Pierre, SD – South Dakota labor groups say a foreign guest worker program is being abused in the 'Mount Rushmore State.' The H2B visa was intended to help American companies temporarily fill jobs with immigrant workers during special circumstances such as a shortage of local labor.

However, Mark Anderson with the South Dakota Federation of Labor says the program is actually displacing South Dakota workers who can't afford to work for the low wages employers are paying foreign workers hired under the H2B visa program. He says workers on H2B visas are supposed to return home if they lose their jobs, but that's not actually happening.

"What is really happening is the people coming in on H2B visas can be here for three years. But once they're here, they just keep moving around the country to other employers and different jobs. It's much easier than climbing a fence and, quite frankly, these people enter the country legally. And I'm sure by the time that they've been here that long, nobody has any idea where they are."

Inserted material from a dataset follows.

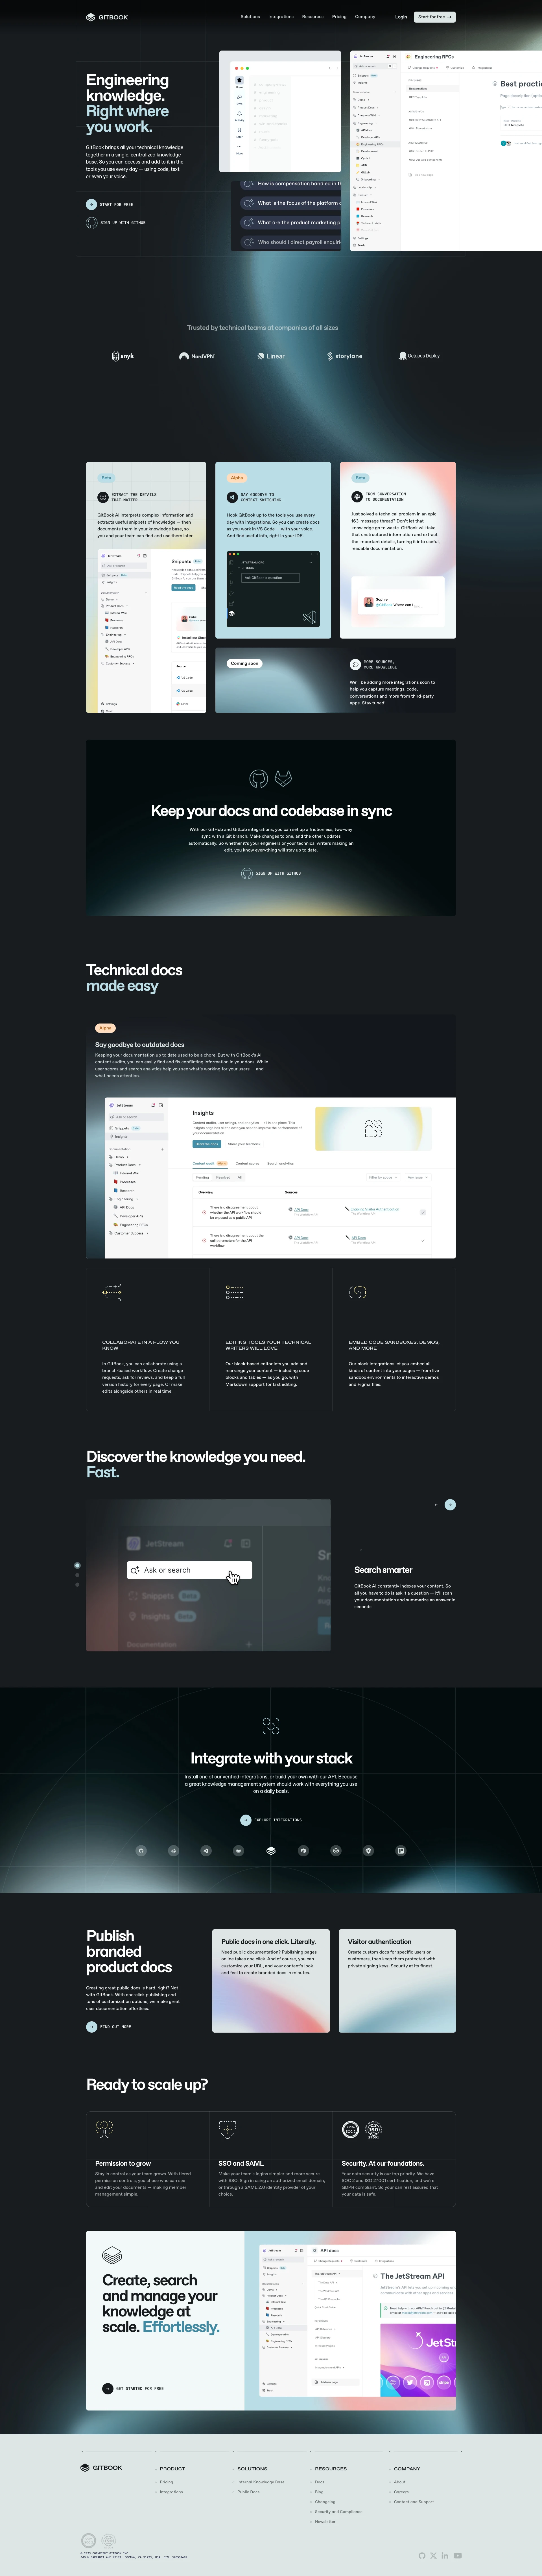 GitBook Landing Page Example: Engineering knowledge. Right where you work. GitBook brings all your technical knowledge together in a single, centralized knowledge base. So you can access and add to it in the tools you use every day — using code, text or even your voice.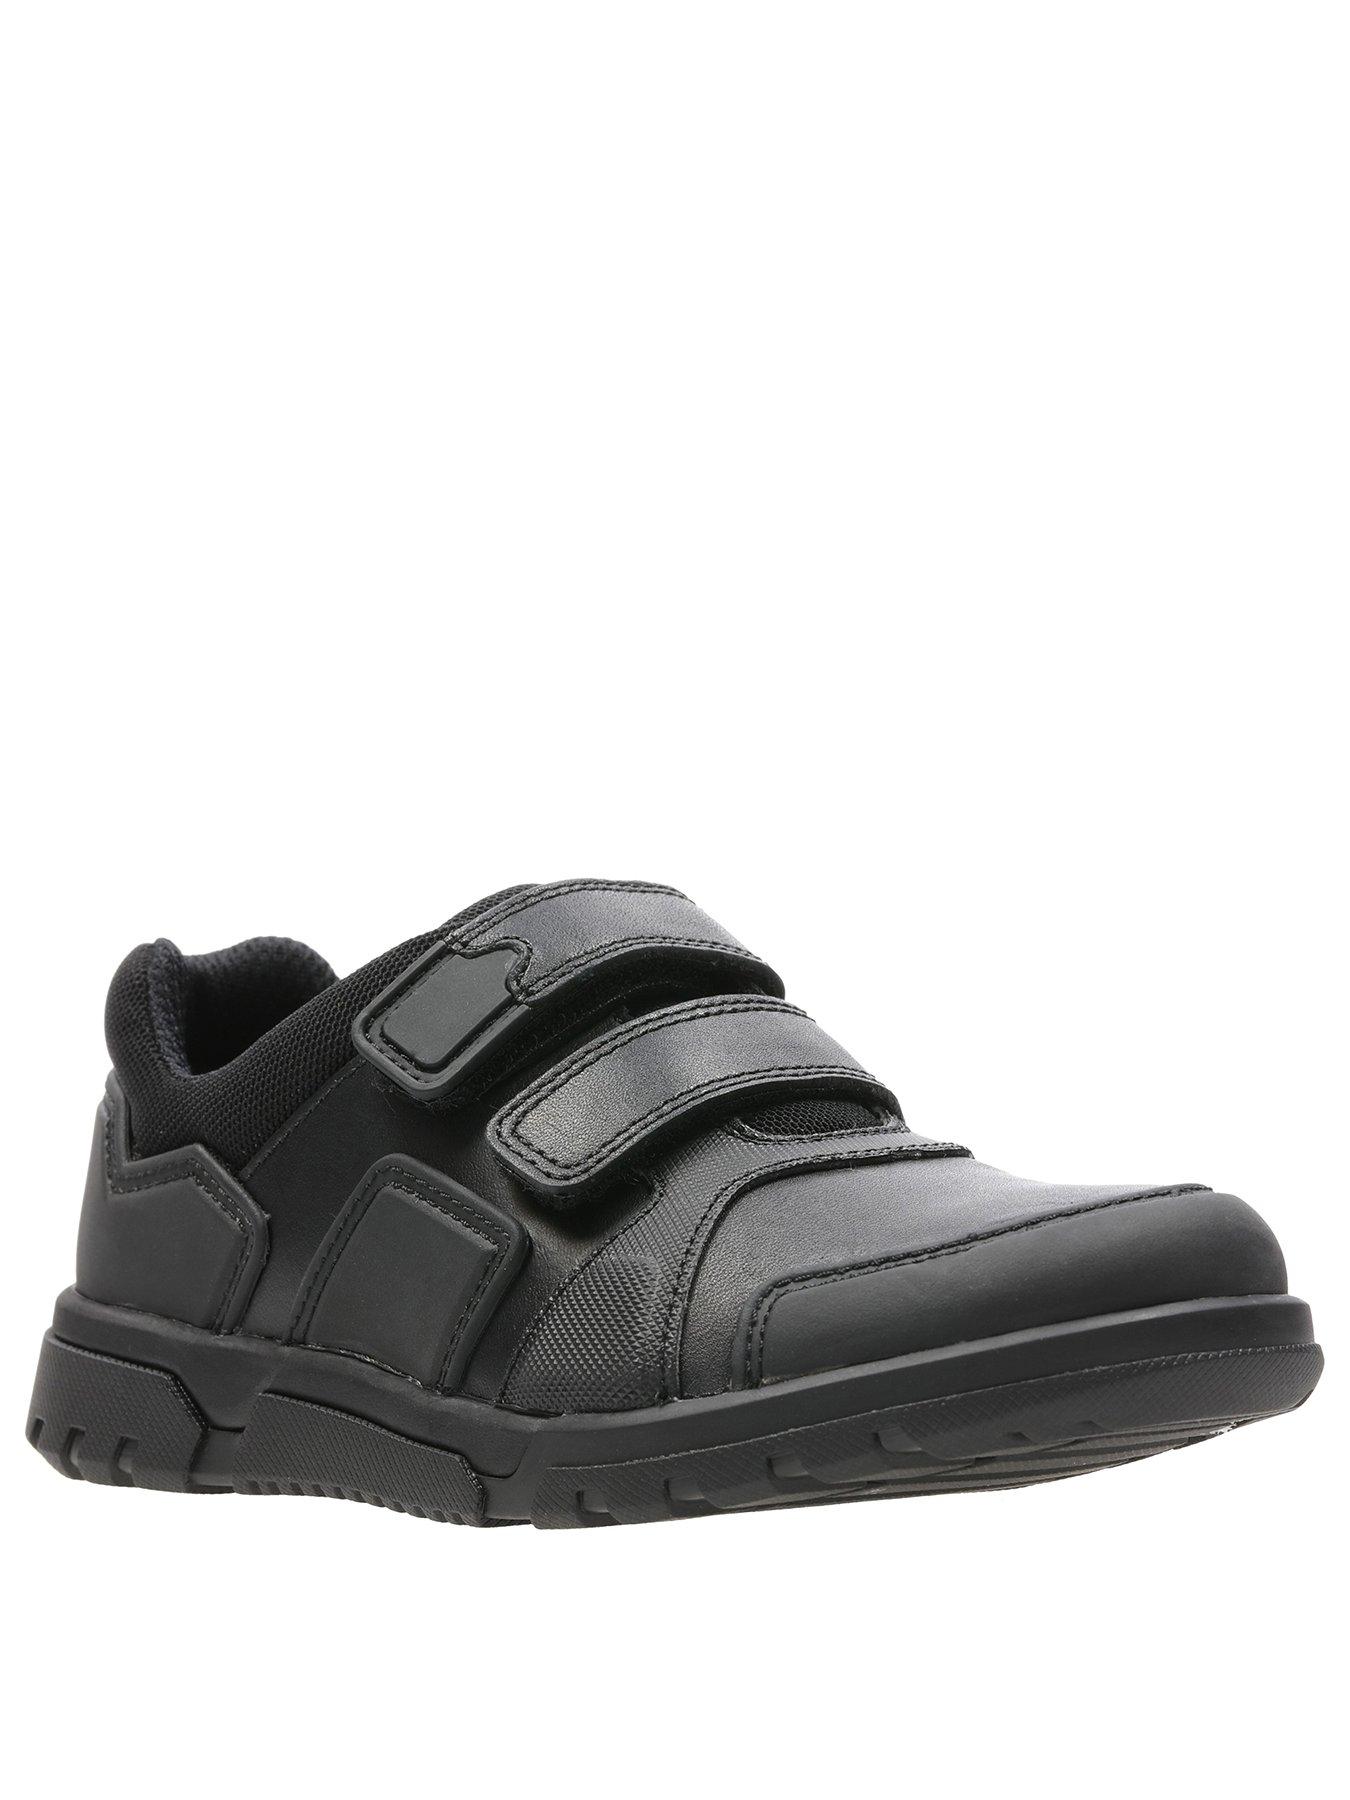 clarks toddler school shoes

Anderson explains most of the jobs on H2B visas in South Dakota are paid at levels comparable to or even less than 1982 wages. He argues the visa program is creating another category of underpaid workers in the United States.

"They are being exploited and used to keep wages down all over the country. This is a federal program so we have to work on a federal level to get the number of H2B visas issued down to nothing. And then we're going to have to start paying people decent wages to do the work."

Employers say the program is necessary to cover jobs that go unfilled by South Dakota workers, but Anderson argues that South Dakota workers would accept those positions if they were paid livable wages. He says state legislation asking employers to boost wages for immigrants working on H2B visas was killed recently on a party-line vote in a legislative committee.